I've added it like described. Additional the local deleted objects are dumped to /var/univention-backup/replication/<seconds since 1970>. I've also added a test case for it: 46replication_modrdn_local_modification Updates: r46420 + r46423 Test Case: r46417
We found another issue. The rename in 2.4 results to different entryUUIDs on master and backup/slave. This is a problem for the 3.1 / 3.2 move because it based on the same entryUUID. If phase II is not recognized in the modrdn process, the old entry should be removed locally.

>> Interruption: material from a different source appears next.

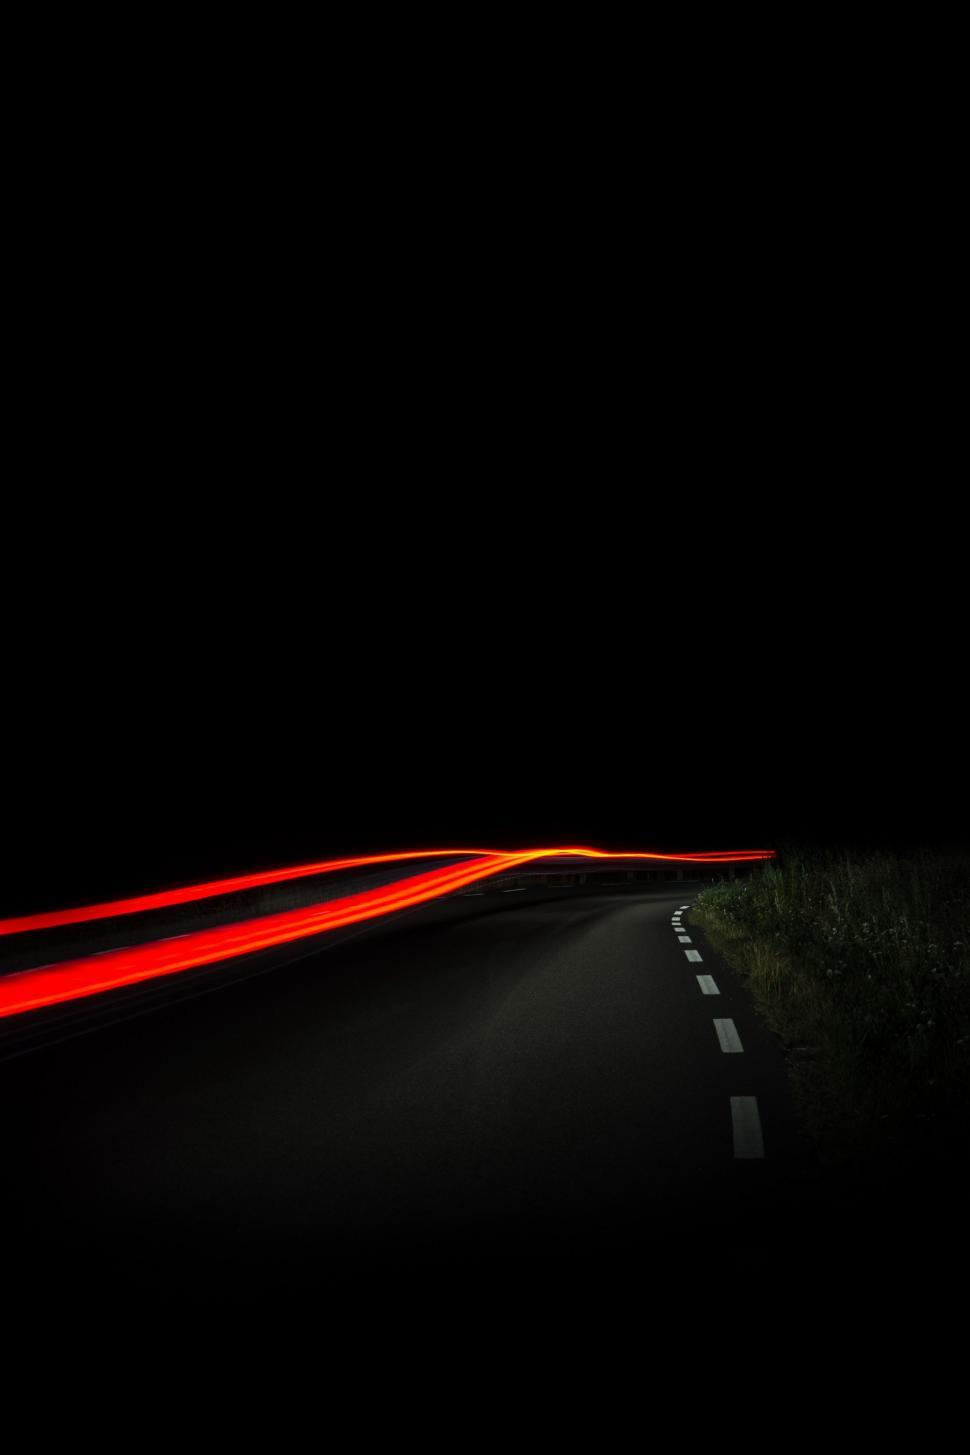 Free Image of Car Driving Down Dark Road at Night

(In reply to Stefan Gohmann from comment #9) > We found another issue. The rename in 2.4 results to different entryUUIDs on > master and backup/slave. This is a problem for the 3.1 / 3.2 move because it > based on the same entryUUID. > > If phase II is not recognized in the modrdn process, the old entry should be > removed locally. This has been fixed with r46471. The modrdn phase I now creates a symlink to point to the current entryUUID. If the entryUUID does not match in phase II, the old dn will be removed and the new one will be added.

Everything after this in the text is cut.